We’re made up of Lyndsey, John and Erin, who all love a new adventure. We try to get away as much as possible, especially during school holidays and variety is a must for us. That means staying anywhere from a luxury hotel to a hostel and it’s not often we go to the same place twice. 

Sheringham Park is one of my favourite places to go for a walk in Norfolk. It’s beautiful no matter when you decide to go but visiting Sheringham Park in autumn is particularly lovely for a woodland walk.

Part of the National Trust

Sheringham Park is part of the National Trust and was designed by Humphry Repton. You’ll find Sheringham Hall in Sheringham Park, although this is privately owned and visitors are asked not to approach the railings.

Sheringham Hall with cow
Sheringham Hall

Getting to Sheringham Park and opening times

Sheringham Park is open from dawn until dusk.

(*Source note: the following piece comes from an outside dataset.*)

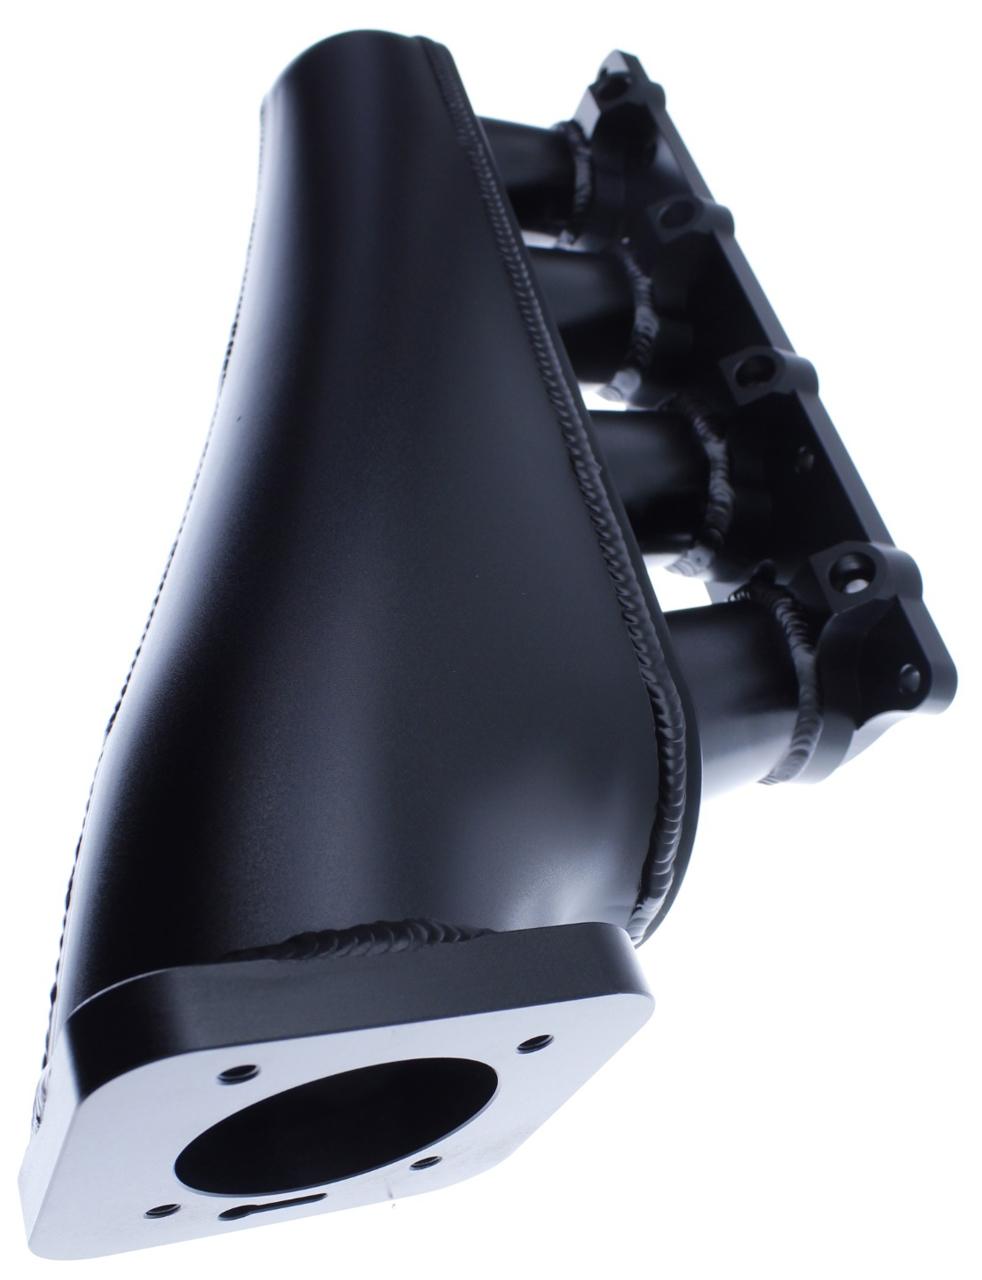 Bilde av Honda K20 - Intak manifold

Upper Sheringham, Norfolk, NR26 8TL

By Car

Sheringham Park can be reached quite easily by car, 5 miles away from Cromer and 6 miles from Holt. There is plenty of parking spaces at Sheringham Park, costing £6.50 or free for National Trust Members. For those with electric vehicles, there are also charging points available.

By bus

Sanders Coaches, Fakenham to Sheringham service stops on request at the main entrance.

By train

The Bittern line from Norwich runs into Sheringham Station, it’s a 2-mile walk from the Upper Sheringham entrance to the park.

Sheringham Park map

What facilities are there?

You’ll find the visitor centre at the entrance to Sheringham Park, a short walk from the car park. In this area, there are toilets (including a left-hand transfer disabled WC), small lockers and the Courtyard Cafe. The cafe serves hot and cold drinks, light snacks and cakes.

Why visit in autumn?

Every season at Sheringham Park is beautiful but personally, autumn is my favourite for a few reasons.

Glorious colours

From September, the trees and plants throughout Sheringham Park start to change. The leaves change from deep and bright greens to yellows, browns and coppers. If you manage to visit on a day with good sunlight, it really helps to make the trees shine and stand out.

Autumn tree at Sheringham Park

Hidden gems

There are different areas to Sheringham Park. You can choose to follow the marked walks (red, white and blue) or just a slow leisurely stroll where you think looks nice. This is how I found this arched walkway, seen below. This tunnel led to one of the two lookout towers at Sheringham Park, somewhere I hadn’t discovered before. The lookout towers offer spectacular views of Sheringham and you’ll be able to see for miles.

Fungi hunting

It’s well-known that Sheringham Park is home to lots of different varieties of fungi. At the entrance, you can often find a blackboard offering suggestions of which fungi can be found at that time. Unless you’re already knowledgeable about fungi, it’s a good idea to take a picture of the board and then you can look things up as you walk around.

Fungi at Sheringham Park

There are lots of great places to look for fungi. On a recent walk, we were lucky enough to find some within a couple of minutes just at the side of the path while others were in interesting-looking tree trunks or damp areas. Take your time when hunting for fungi though as some can be hard to spot or can be quite hidden.

Get those steps in!

Sheringham Park is the ideal place for a long stroll whether that be on your own or maybe with a friend, the dog or your family. As the park is open from dawn until dusk, you can walk around for a good few hours without rushing. The walks are easy to follow and the main path is perfect for walks with pushchairs etc.